As my children were growing, there is nothing more gratifying than leveraging the divine moments we had. Vacations, sporting events, victories, discouragements, challenges, prom, graduation, parties, sins, successes, failures, dreams, baptisms, and the like. Each moment for me was a time capsule of impact. Most I was present for, many I leveraged, and some I missed. But for the most part, looking back I missed a few, and to me, these are sad to reflect on.

But as we learn in the Shema, it is not one moment we are after — it is many over a lifetime. Teachable moments continue and can be redeemed if we choose to lean into by talking, sitting, walking, lying and rising with those we love. It will never be easy, but we incessantly teach in every opportunity the truth as laid out by God.

I believe fathering is something done out of spirit and character moment by moment. And yes there are some strategies deployed from time to time it is not the strategies that make a good father. It is a man who lives in character, moment by moment, and actively passing on the beliefs of the Bible as given to us by God himself.

CLOSE:

I have had numerous moments with my children that are powerful, but nothing is as rewarding to hear one of your children say, “Dad that moment when you was your finest moment as my Dad. I love you for who you are and what you did.” I think we all want to hear words like these.

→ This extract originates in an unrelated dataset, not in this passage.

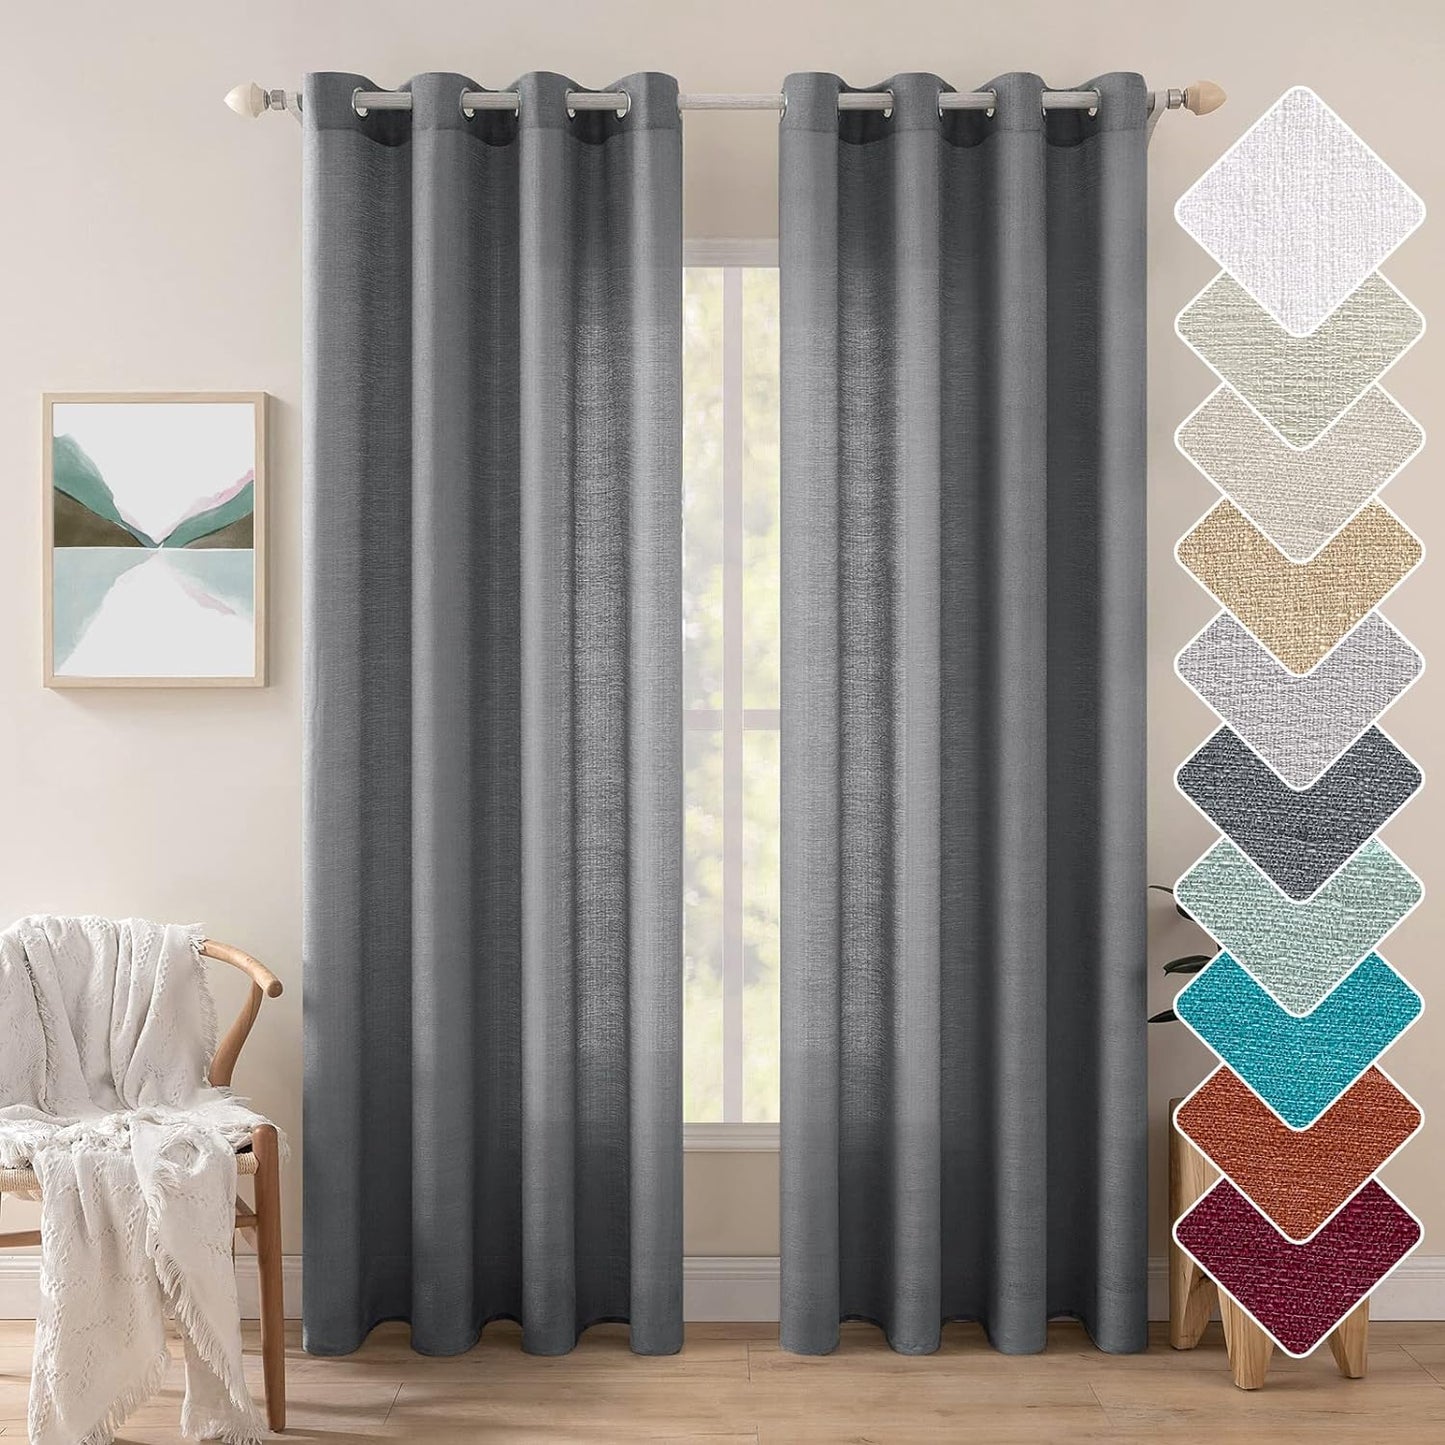 MIULEE Burnt Orange Linen Semi Sheer Curtains 2 Panels for Living Room Bedroom Linen Textured Light Filtering Privacy Window Curtains Terracotta Grommet Drapes Rust Boho Fall Decor W 52 X L 84 Inches  MIULEE Grommet | Dark Grey W52 X L84

But this also leads to a profound for all present today. Everyone here today wants to be loved by our father. Not just our earthly father, but our heavenly Father. We seek it, we want it, and deep inside we want to be loved by Him — unconditionally loved and accepted. And today I want you to know He does. That He loves you perfectly, in ways unique to you, and wants you to become his child. He wants you to become a son or a daughter in his family — adopted by him in love in ways you have always wanted love and acceptance. And through this identity, “son” and “daughter,” he wants to redeem your imperfections and reshape your identity around his will and divine purposes so that you can become the child He wants you to be. And if you have been longing to be a better father than you are today, then this is where it all begins. It begins with becoming His child.

If you want to begin this relationship today, it all begins with a simple prayer. If you want to become a better father, then join me and others in becoming his Son in this prayer.

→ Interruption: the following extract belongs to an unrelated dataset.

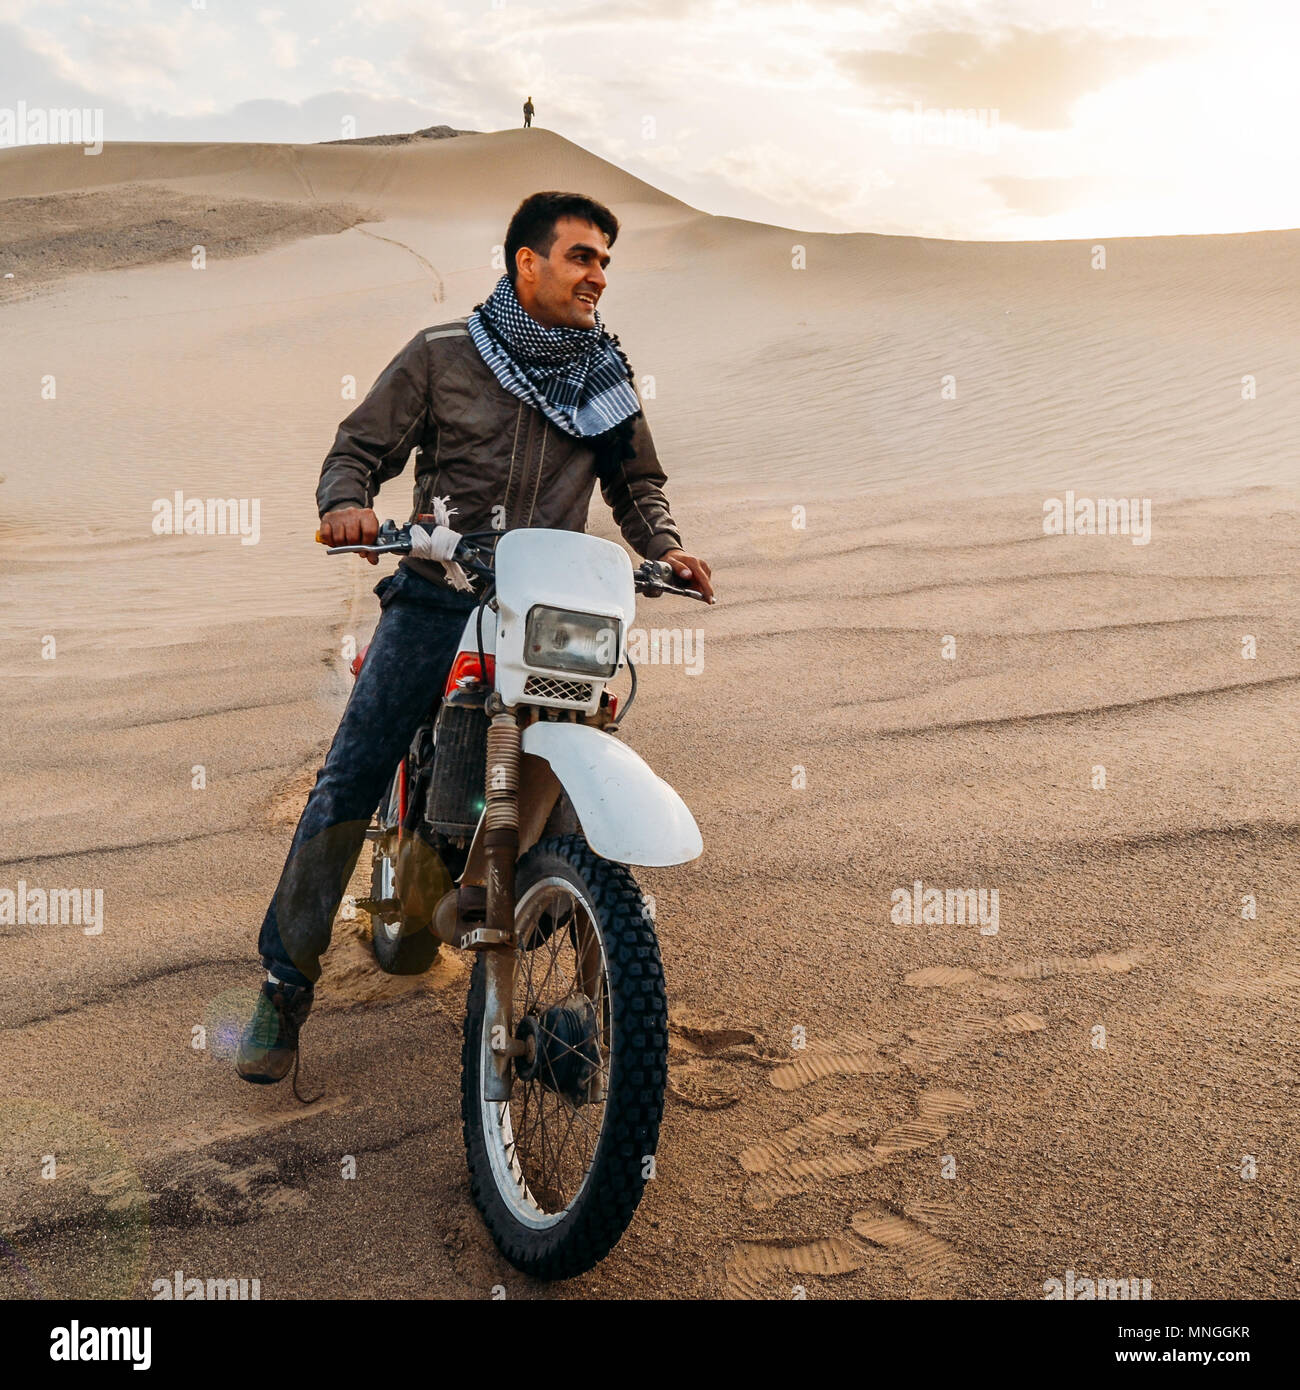 Dasht-e-Lut, Iran - April 25, 2018: Illustrative editorial of a young man on a motorcycle posing at Dasht-e-Lut, a large salt desert located in the pr Stock Photo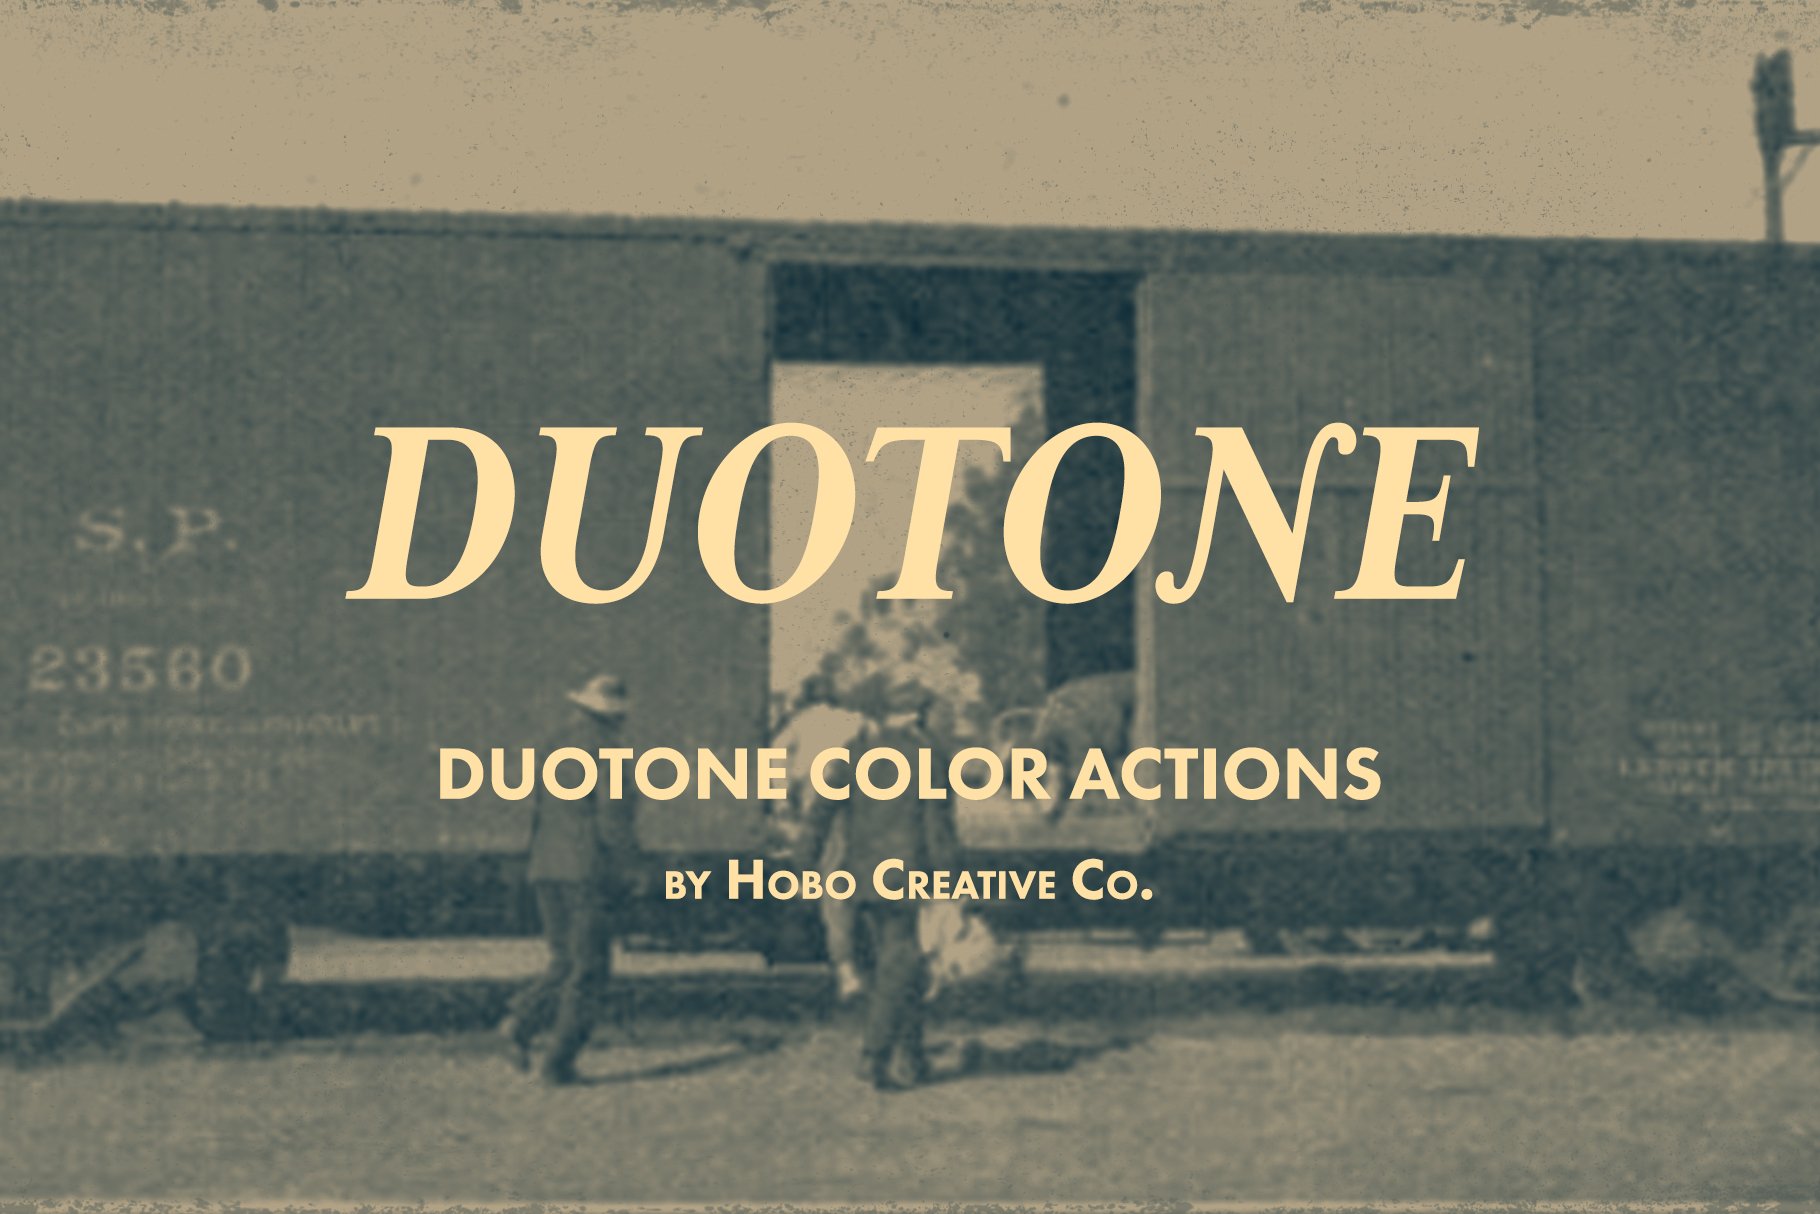 Duotone Color Actionscover image.

"Dear God, I want to be a part of your family. You said in Your Word that if I acknowledge that You raised Jesus from the dead and that I accept Him as my Lord and Savior, I would be saved. So God, I now say that I believe You raised Jesus from the dead. I accept Him now as my Lord and Savior. I accept my salvation from sin right now. Thank you, Father God, for forgiving me, saving me, and giving me eternal life with You. In Christ’s name, Amen!"